Whoa, hold up. It’s one thing to say that the literature proves that the human brain is doing text prediction. It’s another thing entirely to say that it’s doing it better than GPT-3. What’s the argument for that claim, exactly? I don’t follow the reasoning you give above. It sounds like you are saying something like this:
”Both the brain and language models work the same way: Primarily they just predict stuff, but then as a result of that they develop downstream abilities like writing, answering questions, doing math, etc. So since the humans are better than GPT-3 at math etc., they must also be better than GPT-3 at predicting text. QED.”
Basically yes.
There are some unstated caveats however.

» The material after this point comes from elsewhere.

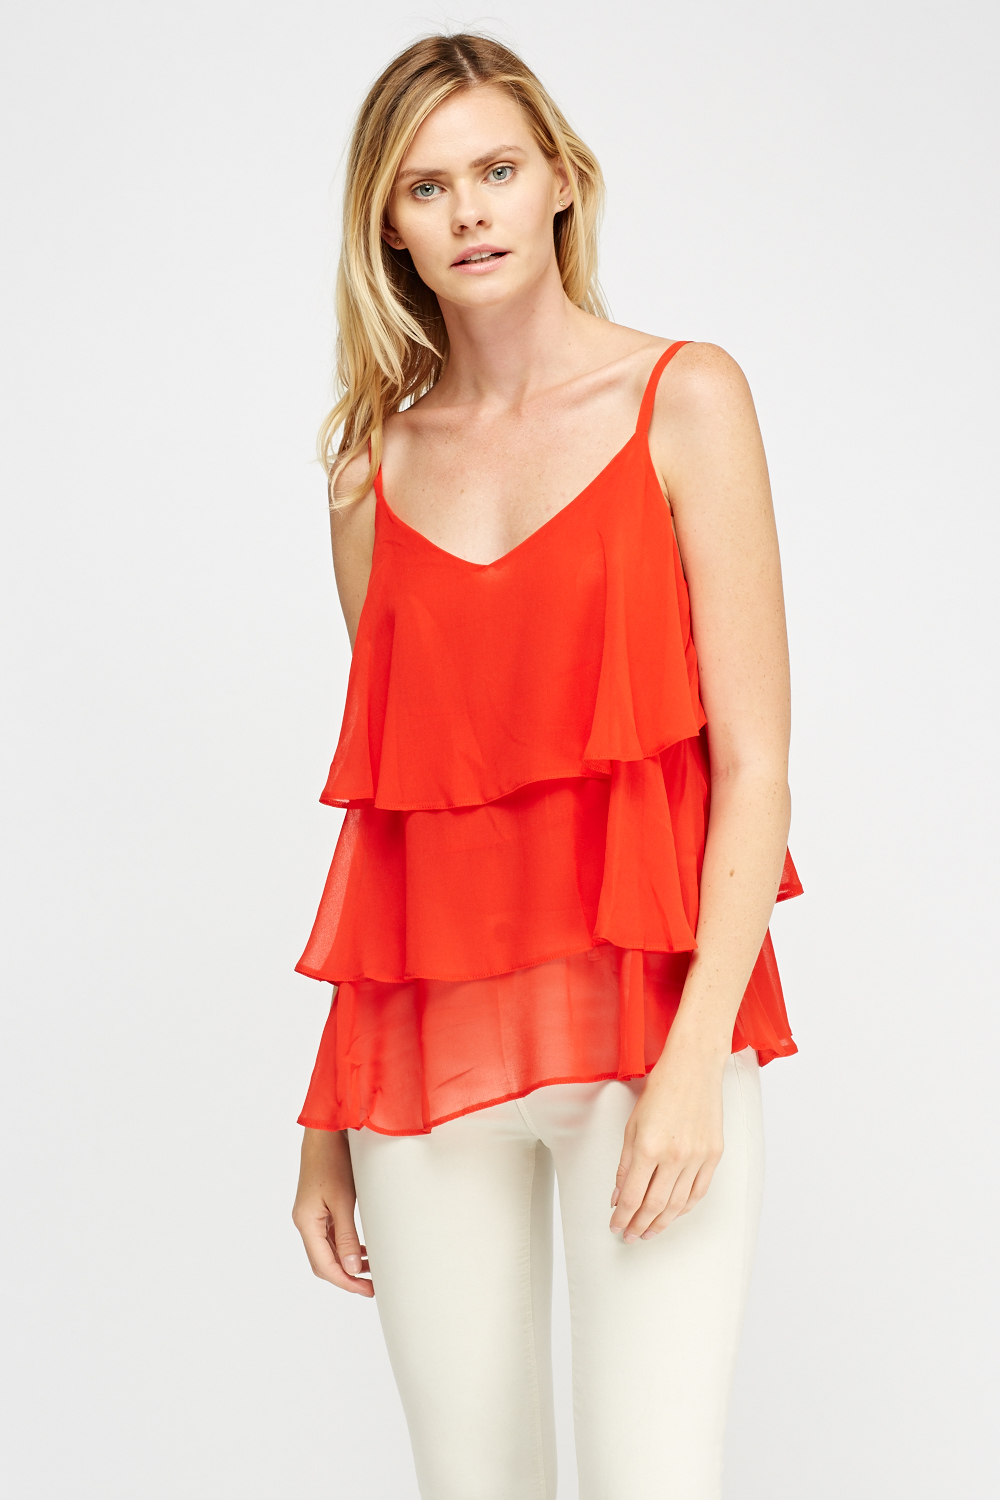 Layered Red Cami Top - Just $3

Humans have roughly several orders of magnitude greater data efficiency on the downstream tasks, and part of that involves active sampling—we don’t have time to read the entire internet, but that doesn’t really matter because we can learn efficiently from a well chosen subset of that data. Current LMs just naively read and learn to predict everything, even if that is rather obviously sub-optimal. So humans aren’t training on exactly the same proxy task, but a (better) closely related proxy task.

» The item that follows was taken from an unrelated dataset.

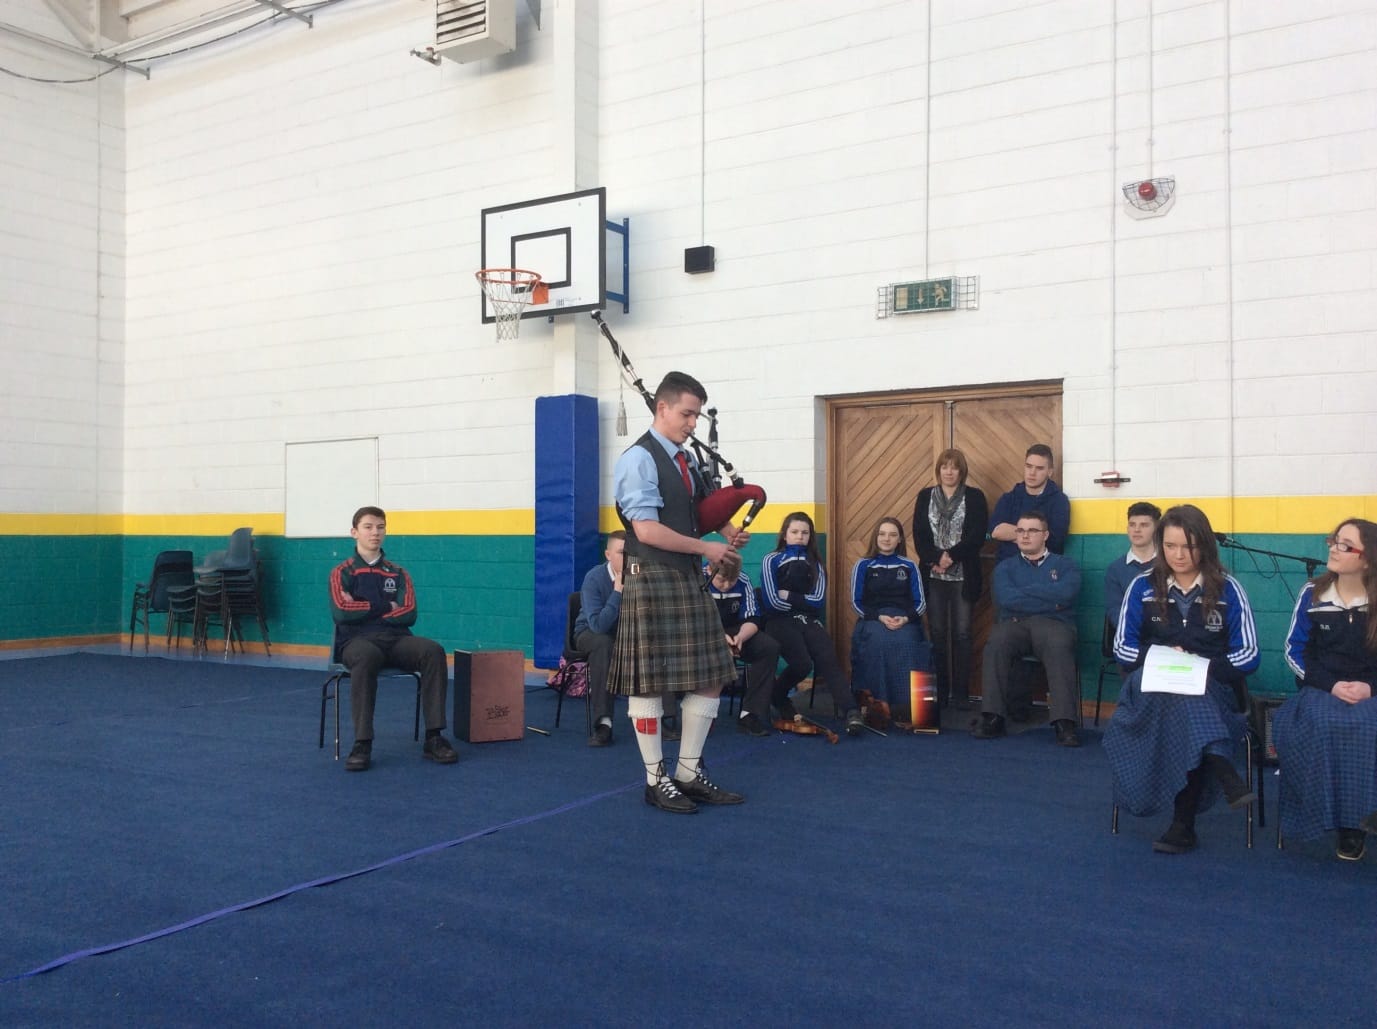 March 2016: Johnny Hunt treated us to some fantastic bagpipe playing during the 1916 commemoration in Desmond College

How do you rule out the possibility that:
some aspects of language prediction are irrelevant for our lives / downstream tasks (e.g. different people would describe the same thing using subtly different word choice and order);
other aspects of language prediction are very important for our lives / downstream tasks (the gestalt of what the person is trying to communicate, the person’s mood, etc.);
an adult human brain is much better at GPT-3 at (2), but much worse than GPT-3 at (1);
The perplexity metric puts a lot of weight on (1);
and thus there are no circuits anywhere in the human brain that can outperform GPT-3 in perplexity.
That would be my expectation. I think human learning has mechanisms that make it sensitive to value-of-information, even at a low level.
If you have only tiny model capacity and abundant reward feedback purely supervised learning wins—as in the first early successes in DL like alexnet and DM’s early agents. This is expected because when each connection/param is super precious you can’t ‘waste’ any capacity by investing it in modeling world bits that don’t have immediate payoff.
But in the real world sensory info vastly dwarfs reward info, so with increasing model capacity UL wins—as in the more modern success of transformers trained with UL. The brain is very far along in that direction—it has essentially unlimited model capacity in comparison.
1/2: The issue is the system can’t easily predict what aspects will be future important much later for downstream tasks.
All that being said I somewhat agree in the sense that perplexity isn’t necessarily the best measure (the best measure being that which best predicts performance on all the downstream tasks).
OK, cool. Well, I don’t buy that argument. There are other ways to do math besides being really really ridiculously good at internet text prediction. Humans are better at math than GPT-3 but probably that’s because they are doing it in a different way than merely as a side-effect of being good at text prediction.
If it was just math, then ok sure. But GPT-3 and related LMs can learn a wide variety of linguistic skills at certain levels of compute/data scale, and I was explicitly referring to a wide (linguistic and related) skill benchmark, with math being a stand in example for linguistic related/adjacent.
And btw, from what I understand GPT-3 learns math from having math problems in it’s training corpus, so it’s not even a great example of “side-effect of being good at text prediction”.